Bug broadcasting objects (serialization issue)

2015-09-02 Thread Andres R. Masegosa
Hi,

I get a bug when trying to broadcast a list of integers created with the
primitive "Arrays.asList(...)".

For example, if you try to run this "wordcount" example, you can
reproduce the bug.


public class WordCountExample {
public static void main(String[] args) throws Exception {
final ExecutionEnvironment env =
ExecutionEnvironment.getExecutionEnvironment();

DataSet text = env.fromElements(
"Who's there?",
"I think I hear them. Stand, ho!

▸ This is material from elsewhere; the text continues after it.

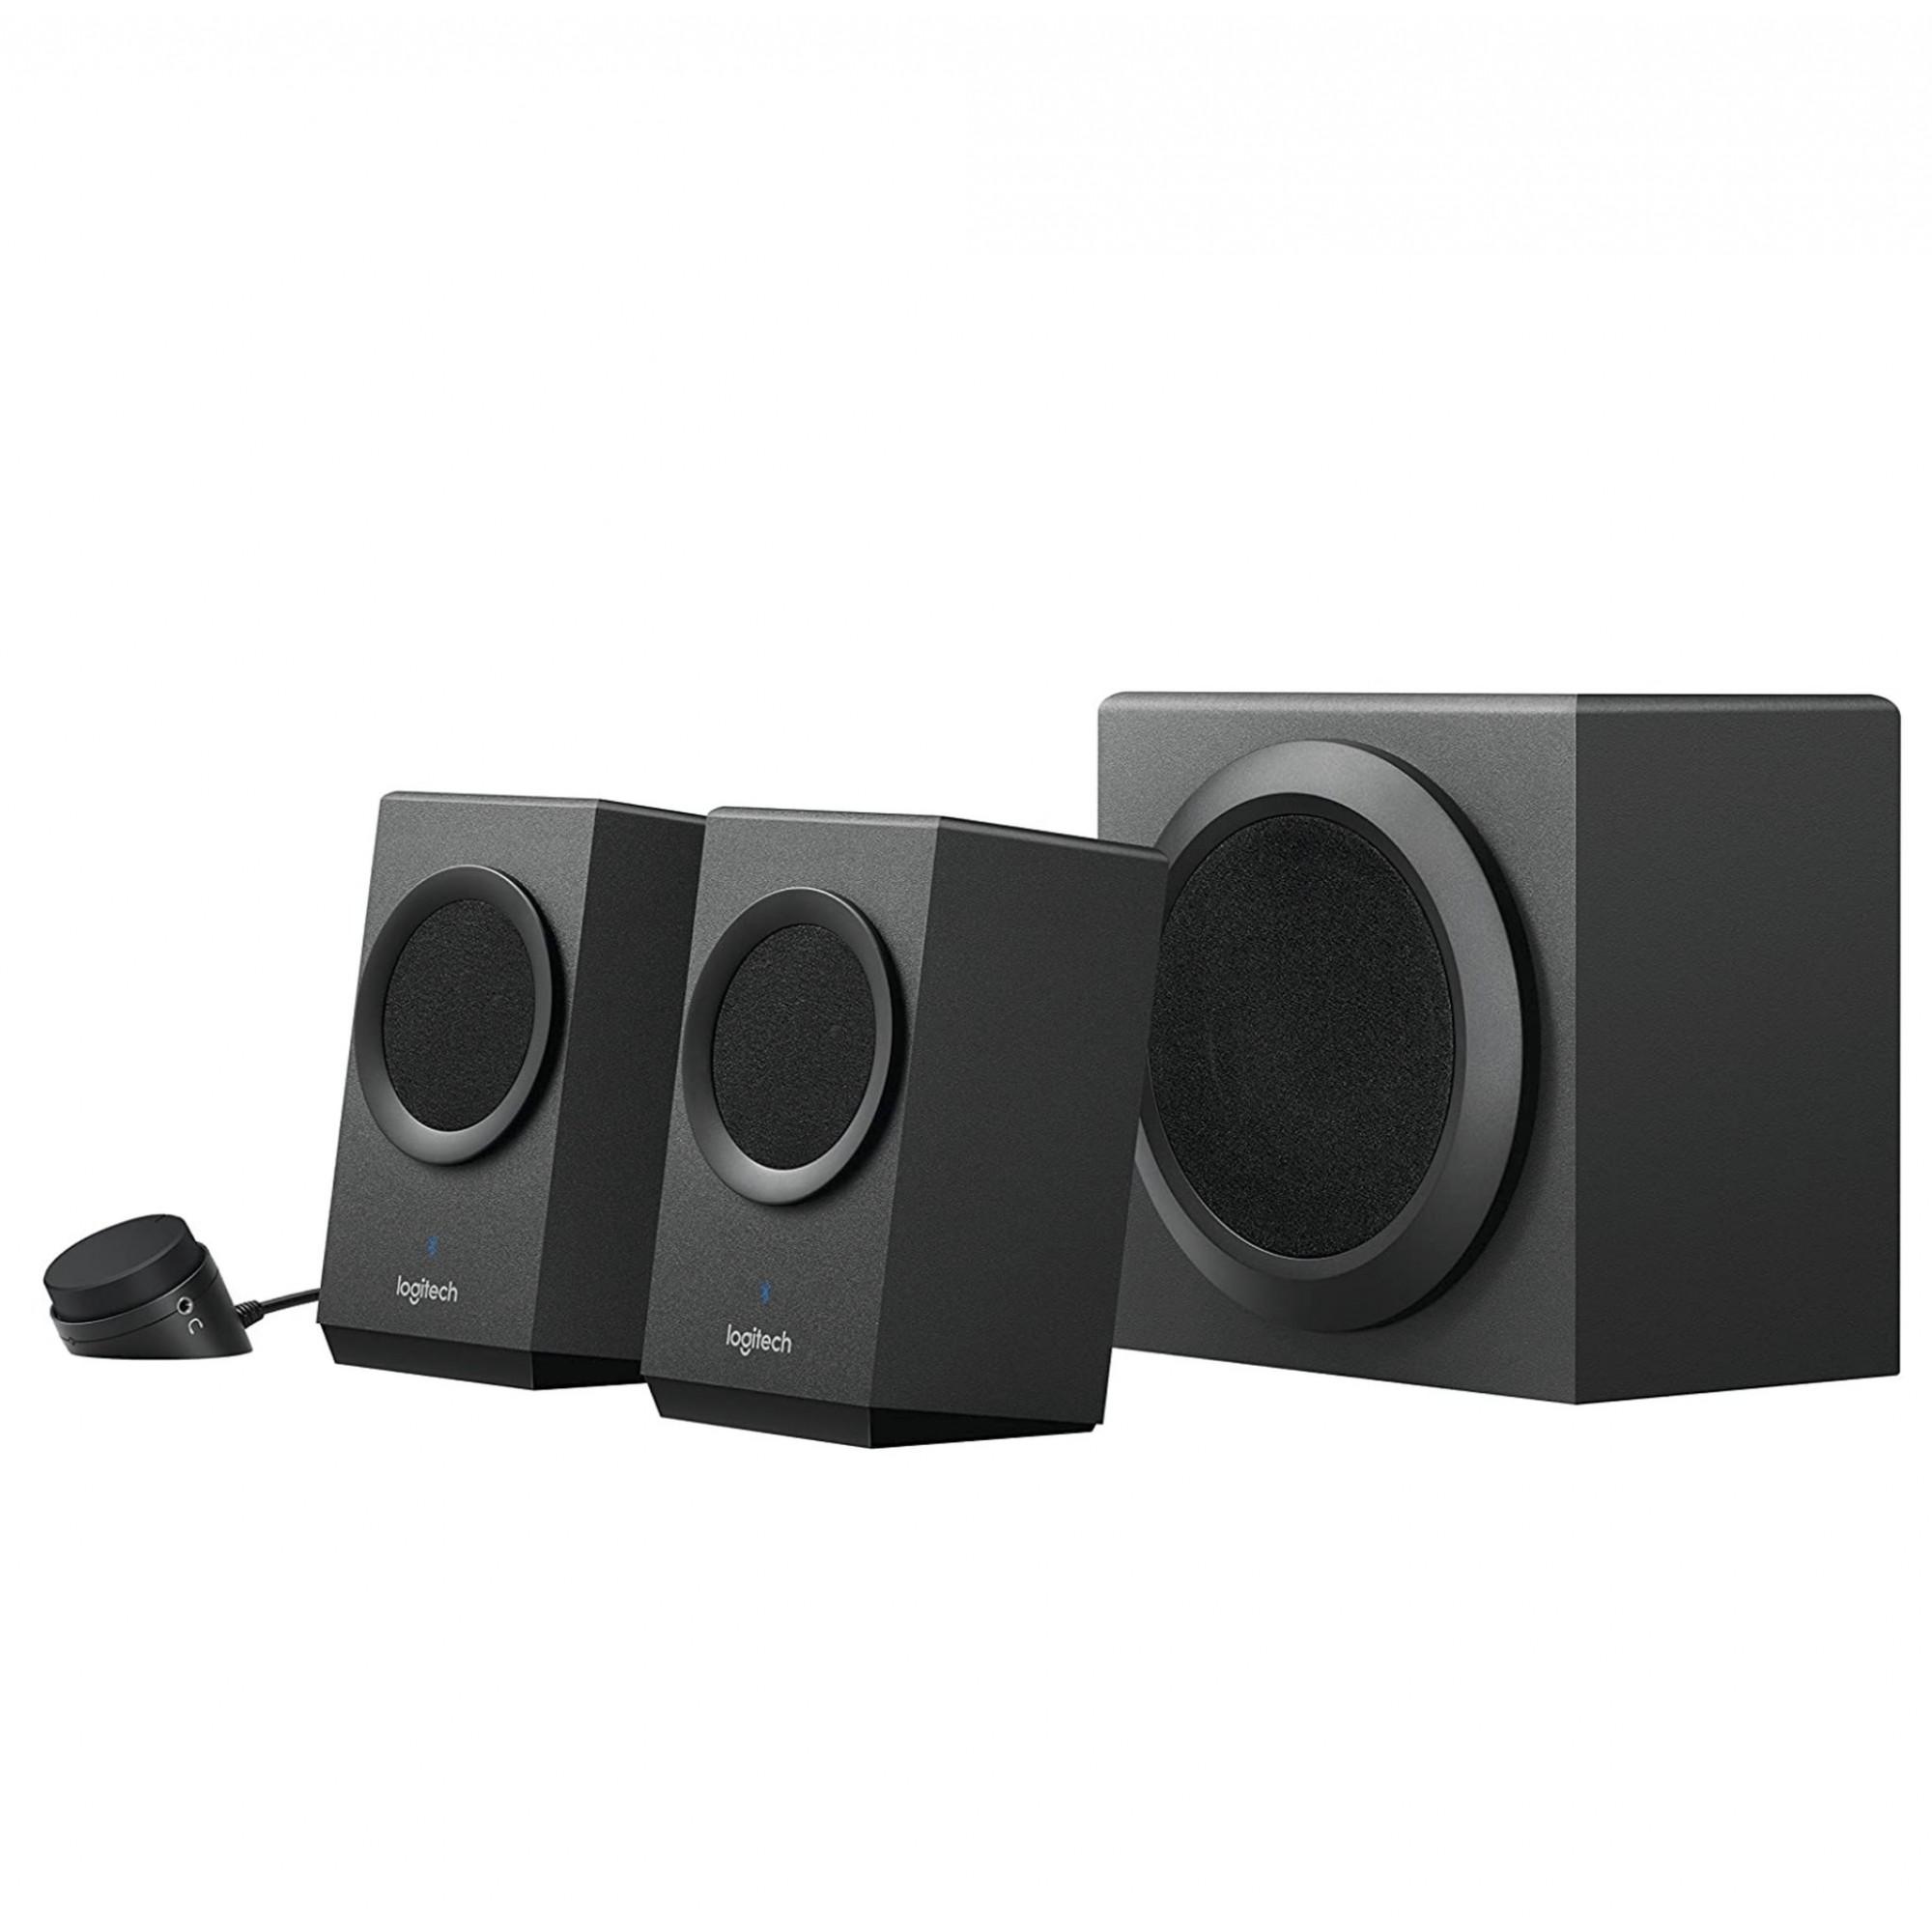 Logitech Z337 Sistema De Alto-falantes Com Bluetooth 980-001261

Who's there?");

List elements = Arrays.asList(0, 0, 0);

DataSet set = env.fromElements(new TestClass(elements));

DataSet> wordCounts = text
.flatMap(new LineSplitter())
.withBroadcastSet(set, "set")
.groupBy(0)
.sum(1);

wordCounts.print();
}

public static class LineSplitter implements FlatMapFunction> {
@Override
public void flatMap(String line, Collector> out) {
for (String word : line.split(" ")) {
out.collect(new Tuple2(word, 1));
}
}
}

public static class TestClass implements Serializable {
private static final long serialVersionUID = -2932037991574118651L;

List integerList;
public TestClass(List integerList){
this.integerList=integerList;
}


}
}


However, if instead of using the primitive "Arrays.asList(...)", we use
instead the ArrayList<> constructor, there is any problem


Regards,
Andres


Re: Bug broadcasting objects (serialization issue)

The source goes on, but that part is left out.